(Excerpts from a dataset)
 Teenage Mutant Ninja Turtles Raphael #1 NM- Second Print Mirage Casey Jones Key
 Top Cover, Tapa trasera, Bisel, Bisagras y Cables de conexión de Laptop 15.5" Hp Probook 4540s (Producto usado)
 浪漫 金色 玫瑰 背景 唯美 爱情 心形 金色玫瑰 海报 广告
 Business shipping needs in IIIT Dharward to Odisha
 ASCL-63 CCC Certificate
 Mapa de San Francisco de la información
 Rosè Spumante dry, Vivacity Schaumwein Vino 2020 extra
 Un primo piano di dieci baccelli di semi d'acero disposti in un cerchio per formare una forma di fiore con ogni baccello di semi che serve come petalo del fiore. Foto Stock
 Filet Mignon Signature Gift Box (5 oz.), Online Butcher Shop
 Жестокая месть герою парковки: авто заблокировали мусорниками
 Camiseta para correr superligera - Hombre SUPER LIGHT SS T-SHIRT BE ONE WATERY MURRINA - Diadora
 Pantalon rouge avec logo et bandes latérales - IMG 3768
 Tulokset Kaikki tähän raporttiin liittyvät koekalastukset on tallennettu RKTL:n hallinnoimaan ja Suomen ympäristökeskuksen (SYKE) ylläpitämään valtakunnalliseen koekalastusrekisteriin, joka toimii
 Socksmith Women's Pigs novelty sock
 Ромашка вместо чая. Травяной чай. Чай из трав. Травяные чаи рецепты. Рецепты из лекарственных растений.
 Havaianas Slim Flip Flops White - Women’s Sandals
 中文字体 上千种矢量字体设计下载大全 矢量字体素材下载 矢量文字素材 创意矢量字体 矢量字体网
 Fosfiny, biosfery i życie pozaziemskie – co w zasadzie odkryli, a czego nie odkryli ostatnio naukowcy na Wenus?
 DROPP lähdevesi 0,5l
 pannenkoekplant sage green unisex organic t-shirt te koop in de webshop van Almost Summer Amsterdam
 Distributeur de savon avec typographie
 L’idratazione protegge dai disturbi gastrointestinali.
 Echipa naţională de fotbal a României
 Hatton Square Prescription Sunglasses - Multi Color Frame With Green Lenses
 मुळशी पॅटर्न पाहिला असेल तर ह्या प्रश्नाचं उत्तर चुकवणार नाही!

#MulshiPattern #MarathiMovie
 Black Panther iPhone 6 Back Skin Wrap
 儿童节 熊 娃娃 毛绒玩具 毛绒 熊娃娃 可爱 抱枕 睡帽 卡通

Aim of the task
Every line from the one containing "Hatton Square Prescription" through the end of the entries above must be echoed exactly, with both ends kept.

Reply to the task
 Hatton Square Prescription Sunglasses - Multi Color Frame With Green Lenses
 मुळशी पॅटर्न पाहिला असेल तर ह्या प्रश्नाचं उत्तर चुकवणार नाही!

#MulshiPattern #MarathiMovie
 Black Panther iPhone 6 Back Skin Wrap
 儿童节 熊 娃娃 毛绒玩具 毛绒 熊娃娃 可爱 抱枕 睡帽 卡通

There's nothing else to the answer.